Fund supermarket Hargreaves Lansdown is continuing to shun investment trusts despite bolstering its research into the sector over the past year.
Ahead of the Retail Distribution Review (RDR) last year, Hargreaves strengthened its coverage of the closed-ended universe in a drive to give its clients a more comprehensive overview of the sector.
However, seven months into the post-RDR world, the firm said the removal of trail commission has not changed its view there are too many drawbacks and risks associated with the listed vehicles.
Lee Gardhouse, investment director and head of investments at the firm, said liquidity remains in short supply for large scale fund buyers.
For this reason, the group will not begin recommending the sector, despite the fact there is now a level playing field in terms of charges.
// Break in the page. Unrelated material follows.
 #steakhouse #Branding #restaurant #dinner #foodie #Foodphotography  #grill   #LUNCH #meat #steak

"The problem we have is there are only a handful of trusts we can pump £50m-£100m into if we saw an opportunity to invest - the closed-ended sector is unbelievably illiquid, even for a relatively small amount of money.
"We have boosted our research into the sector and met a number of investment trust managers to give our clients more information about investment trusts if they want it, but we are still not recommending them as we are terrified about liquidity."
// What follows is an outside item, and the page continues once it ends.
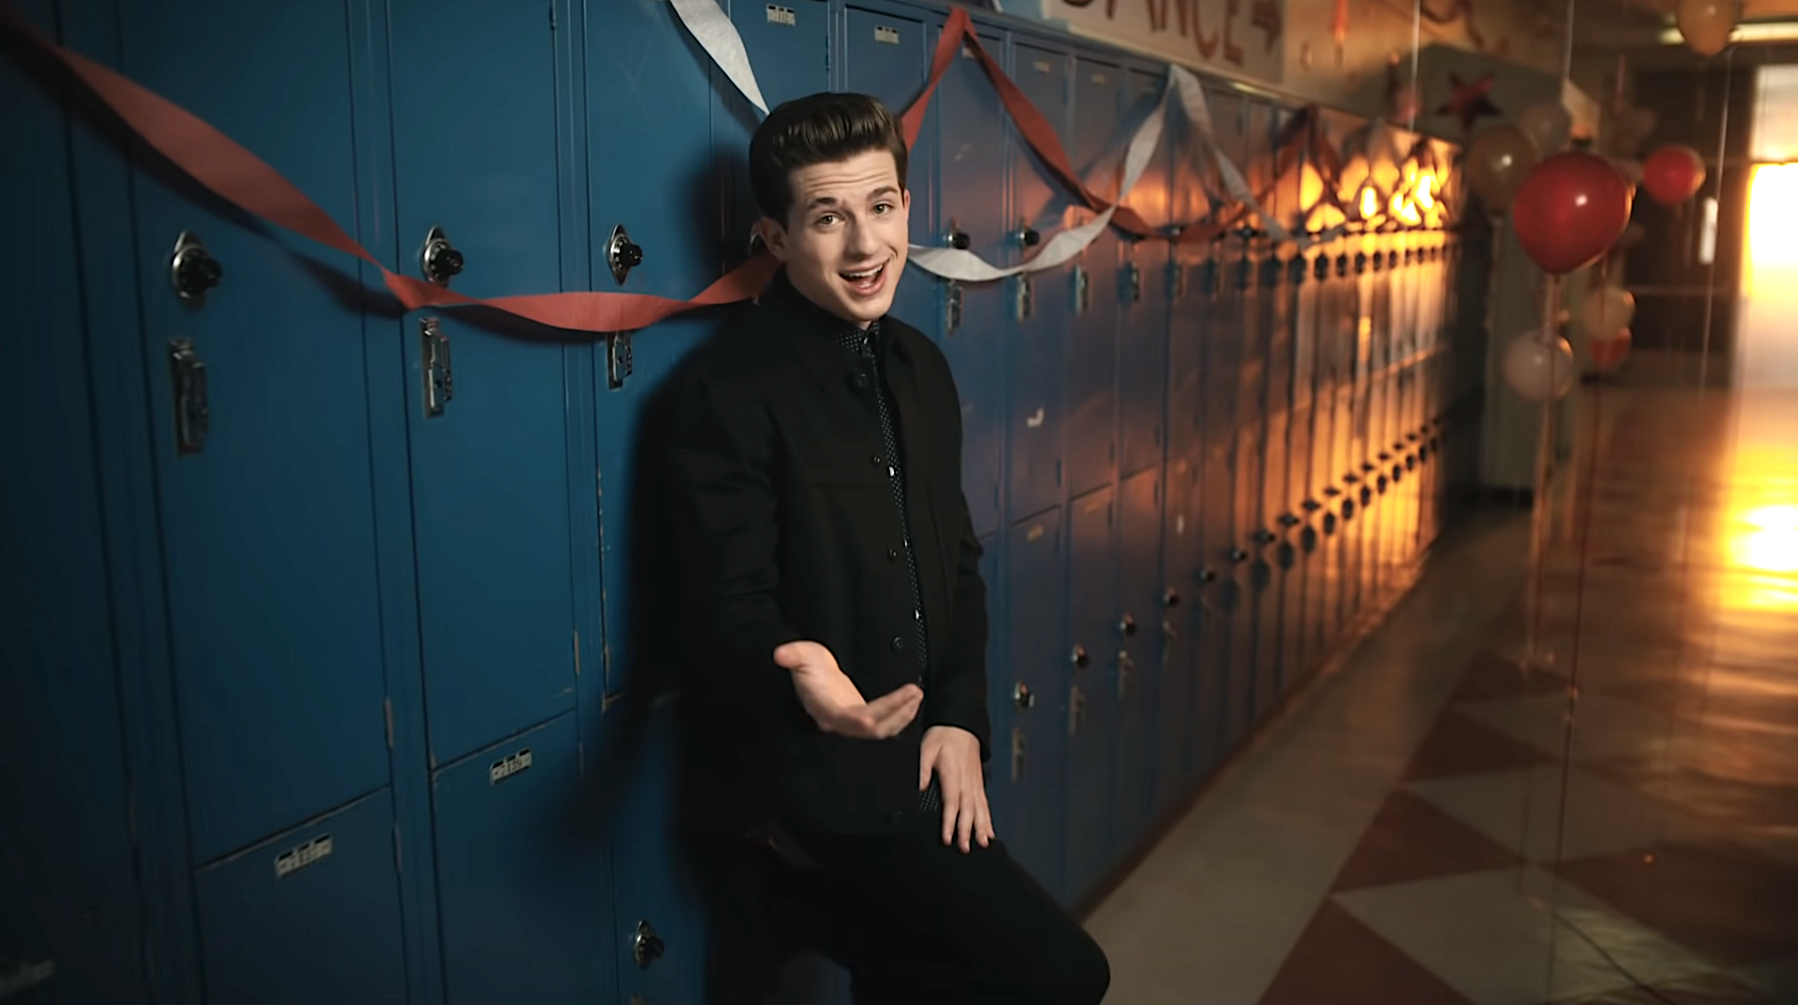 Charlie leaning against lockers in a school hallway as he sings in a music video

Gardhouse outlined a number of other problems associated with the sector, which puts the group off recommending these products.
He argues many investment trusts NAVs are not recorded on a daily basis, which makes it difficult to gauge a company's valuation.
He added the vehicles are also more volatile than their open-ended peers due to the fact they are listed vehicles.
"Investment trusts can rapidly switch from a premium to a discount, so clients investing in a portfolio of low risk assets can actually end up in volatile vehicles."
Hargreaves Lansdown offers more than 400 investment trusts on its platform, but no listed vehicles feature on the firm's influential Wealth 150 list or in its £3.1bn multi-manager range.